I dati del rapporto “Rifiuti urbani” dell’Ispra fotografa una situazione fatta di luci e ombre

Pubblicato da: redazione | Lun, 29 Dicembre 2025 - 15:19
rifiuti

Rifiuti? Bari cresce, ma lentamente. La raccolta differenziata nel capoluogo si ferma al 46%, un dato in miglioramento rispetto agli anni precedenti ma ancora lontano sia dall’obiettivo del 65% fissato per legge, sia dalla media nazionale che oggi viaggia al 67,7%. Peggio fanno solo poche grandi città. E’ quanto emerso dal nuovo rapporto “Rifiuti urbani” dell’Ispra che fotografa una situazione fatta di luci e ombre: il Mezzogiorno continua a ridurre il divario con Centro e Nord, ma città come Bari restano in coda alla classifica dei grandi Comuni sopra i 200mila abitanti. Davanti ci sono Bologna (72,8%), Padova (65,1%), Venezia (63,7%) e Milano (63,3%). Bari segue comunque Roma (48%) e precede Napoli (44,4%).

Dietro a questi numeri c’è un sistema che si sta trasformando. La produzione complessiva dei rifiuti in Italia è cresciuta del 2,3% nel 2024, superando i 29,9 milioni di tonnellate. Nonostante ciò, la quota avviata a riciclo aumenta: oggi il 52,3% dei rifiuti urbani viene recuperato, sopra il target europeo del 50% e sempre più vicino al 55% richiesto entro il 2025. Sul fronte degli impianti, in Italia sono operativi 625 siti dedicati alla gestione dei rifiuti urbani, oltre la metà rivolti al trattamento dell’organico. Compostaggio e digestione anaerobica gestiscono complessivamente 7,2 milioni di tonnellate, il 3,9% in più rispetto all’anno precedente. Restano però territori — Puglia compresa — dove la disponibilità di strutture è ancora insufficiente e costringe a spostare i rifiuti altrove.

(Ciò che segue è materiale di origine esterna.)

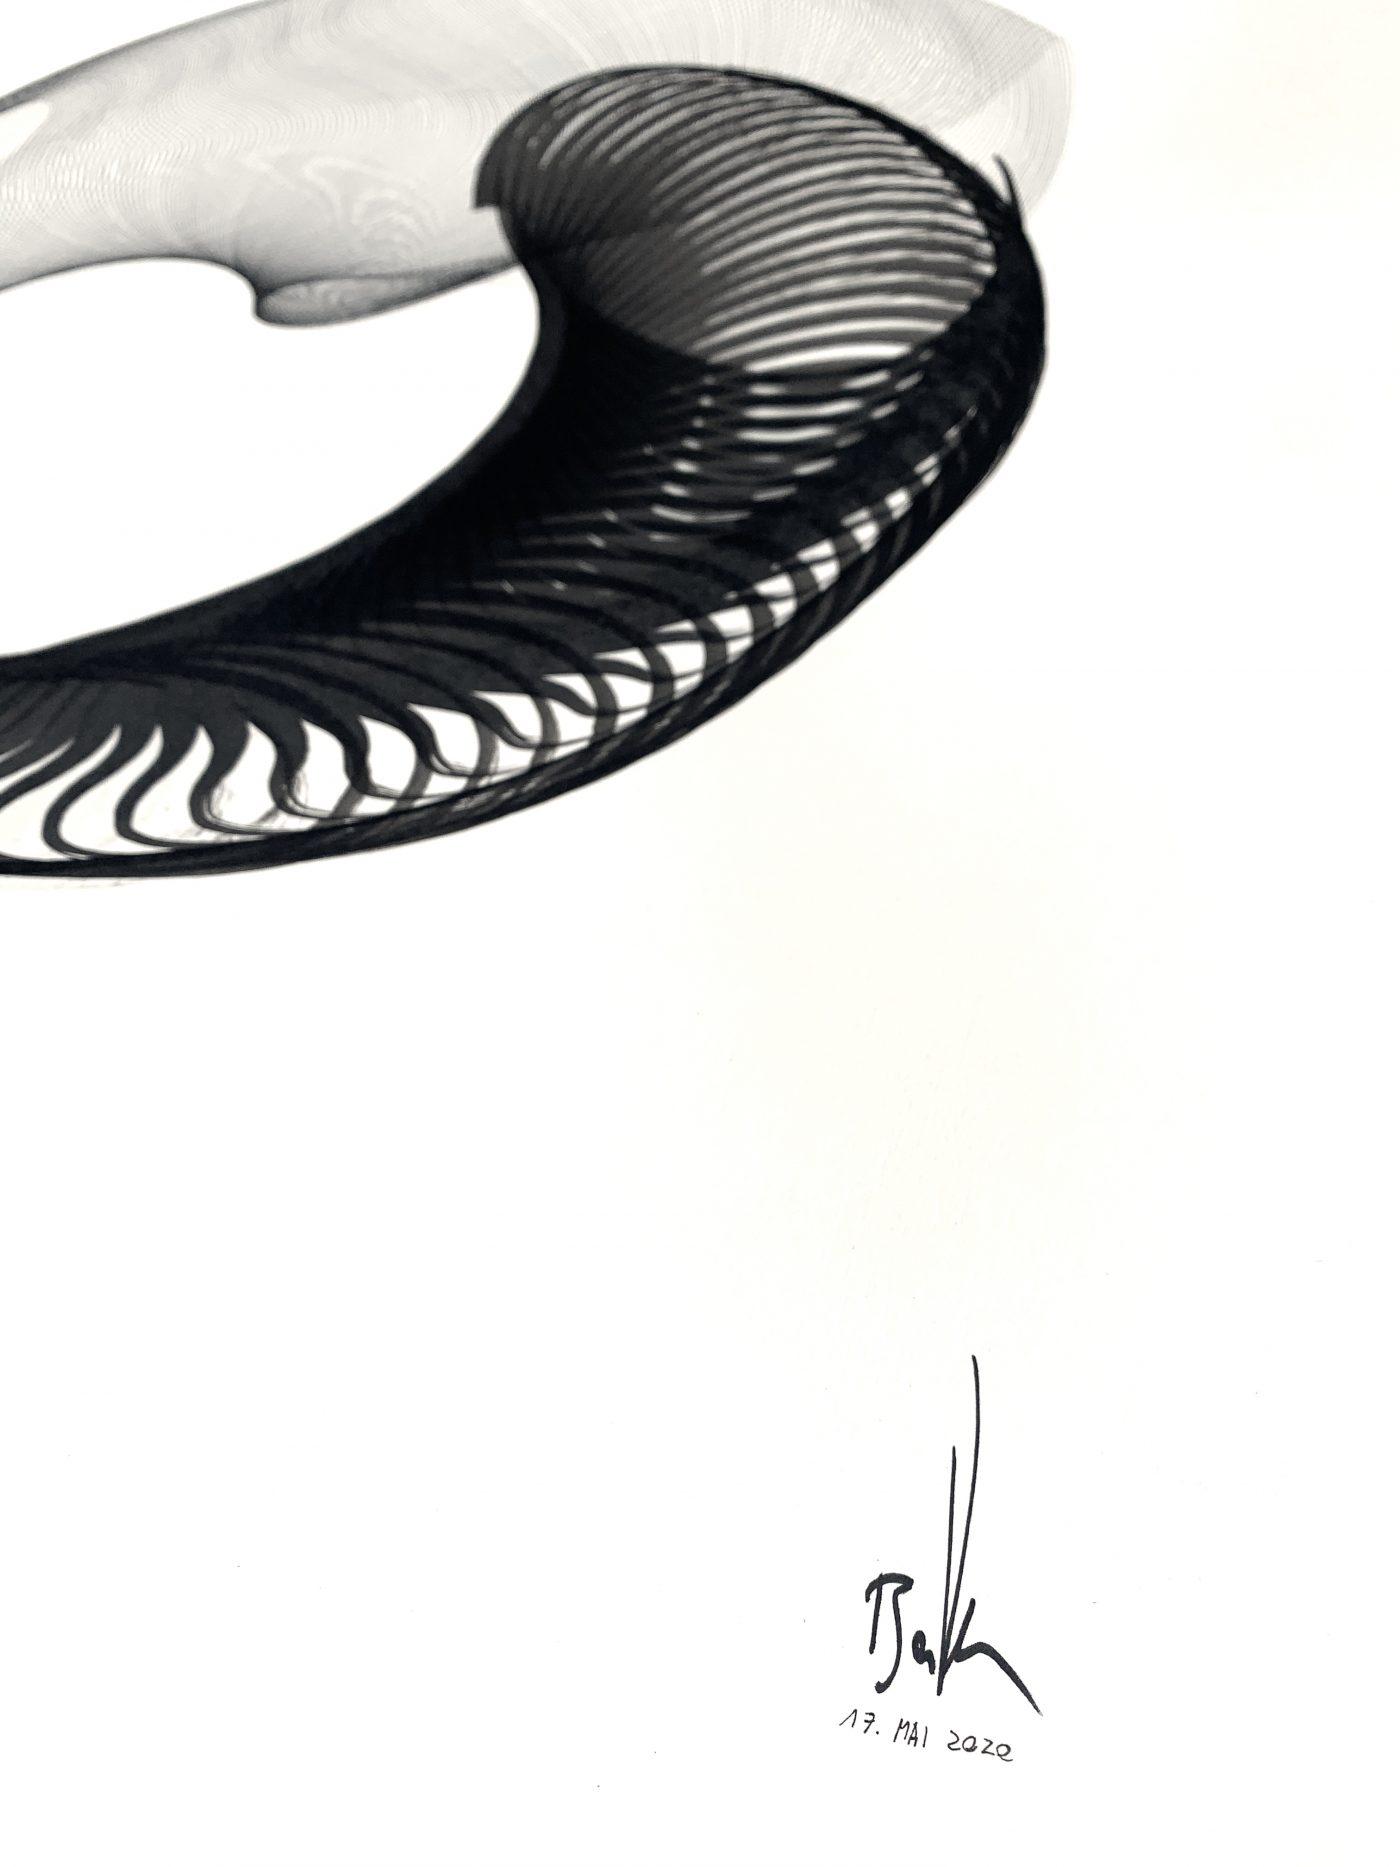 x138 - 17 Mai

Un dato incoraggiante arriva dalle discariche: lo smaltimento diretto scende al 14,8% del totale, con 4,4 milioni di tonnellate (–3,7% rispetto al 2023). Segnale che le politiche di recupero stanno iniziando a funzionare. Ma il costo resta alto: in media ogni cittadino paga 214,4 euro l’anno per il servizio, con il Sud che spende più del Nord. Per l’Europa, il vero banco di prova restano gli imballaggi. Tutti i materiali hanno già centrato i target 2025: perfino la plastica, per anni fanalino di coda, supera la soglia del 50% raggiungendo il 51,1%.